The annual Cozzarelli Prize acknowledges papers that reflect scientific excellence and originality. The award was established in 2005 as the Paper of the Year Prize and was renamed in 2007 to honor late PNAS Editor-in-Chief Nicholas R. Cozzarelli. The 2024 awardees will be recognized at an awards ceremony during the NAS Annual Meeting in April 2025.
2024 Cozzarelli Prize Recipients
Class I: Physical and Mathematical Sciences
Winner:
Permafrost thaw subsidence, sea-level rise, and erosion are transforming Alaska’s Arctic coastal zone
Roger Creel, Julia Guimond, Benjamin M. Jones, David M. Nielsen, Emily Bristol, Craig E. Tweedie, and Pier Paul Overduin
Coastal erosion, a growing hazard along Alaska’s Arctic Coastal Plain, is compounded by sea-level rise and land subsidence from permafrost thaw. The authors of this study merged estimates of erosion, subsidence, and sea-level rise to project the shoreline position of the Arctic Coastal Plain through 2100 in medium and high carbon emissions scenarios. The analysis revealed that erosion and ocean inundation could together lead to six to eight times more land loss than erosion alone. Without mitigating measures, land loss could damage 40–65% of infrastructure in villages on the Arctic Coastal Plain and 10–20% of oilfield infrastructure, the authors suggest.
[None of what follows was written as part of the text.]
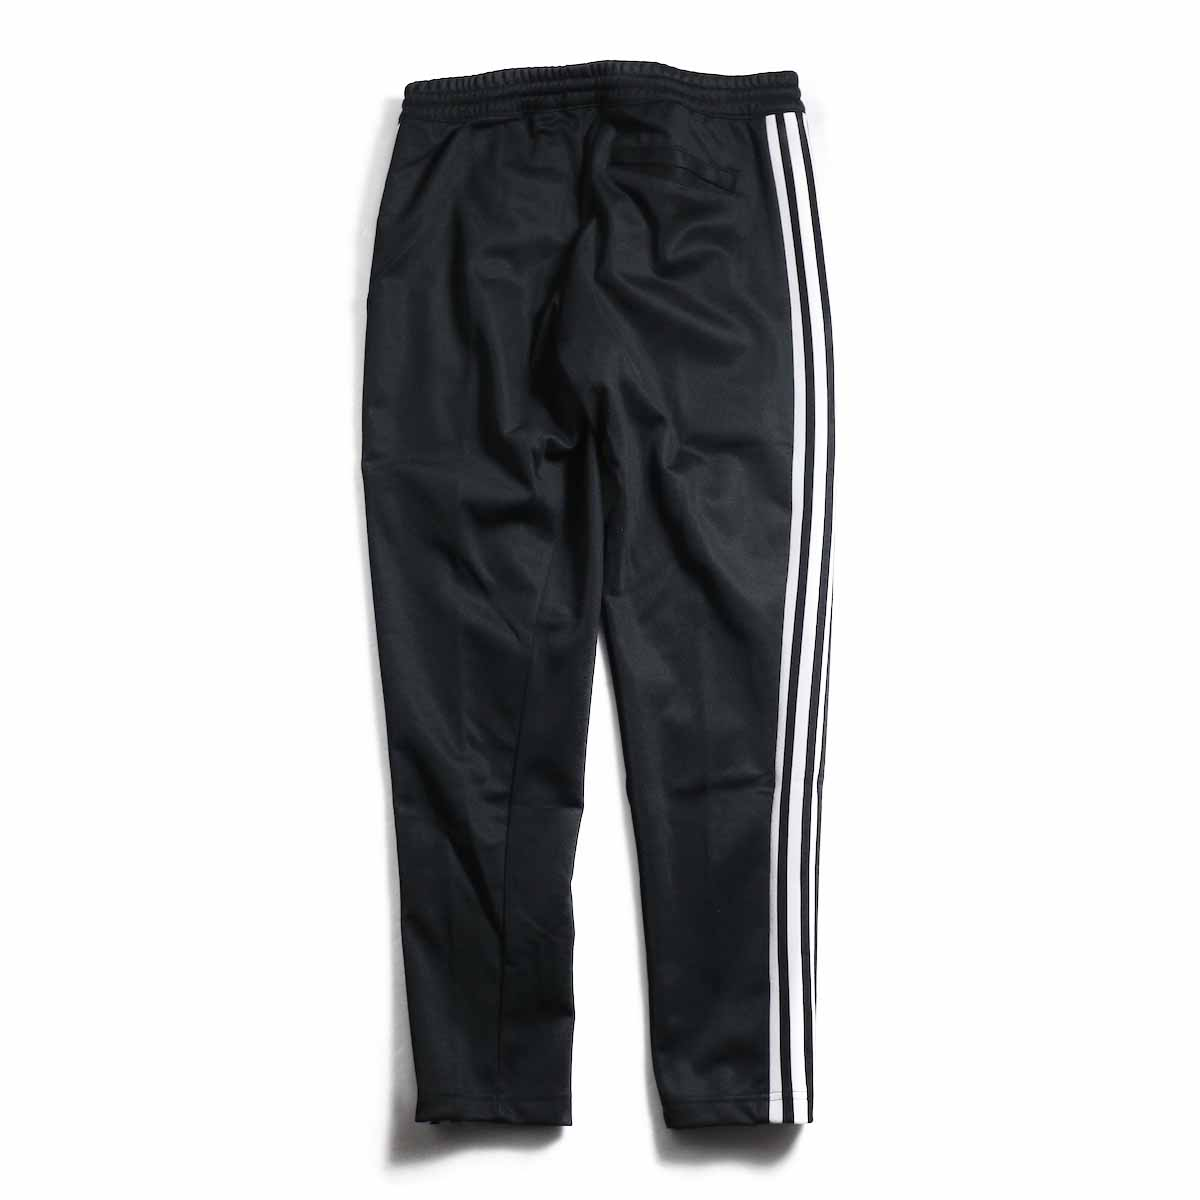 adidas originals / Beckenbauer Track Pants -Black 背面

https://www.pnas.org/doi/10.1073/pnas.2409411121
Finalist:
Integer partitions detect the primes
William Craig, Jan-Willem van Ittersum, and Ken Ono
https://www.pnas.org/doi/10.1073/pnas.2409417121
Class II: Biological Sciences
Winner:
Eye blinks as a visual processing stage
Bin Yang, Janis Intoy, and Michele Rucci
Blinking mainly serves to lubricate the eyes, but blinks also represent a frequent interruption of the visual information entering the retina that may disrupt visual processing. The authors of this study used high-resolution eye tracking and visual input modeling to characterize the effects of blinking on perception. By transiently interrupting the flow of light to the retina, the authors found, blinking increases the contrast of a visual stimulus, improving the visibility of low-resolution information about the visual scene. In visual discrimination tasks involving a dozen participants, both voluntary and reflexive blinking significantly improved performance. Rather than impairing vision, as commonly thought, blinking actively facilitates visual processing by enhancing sensitivity.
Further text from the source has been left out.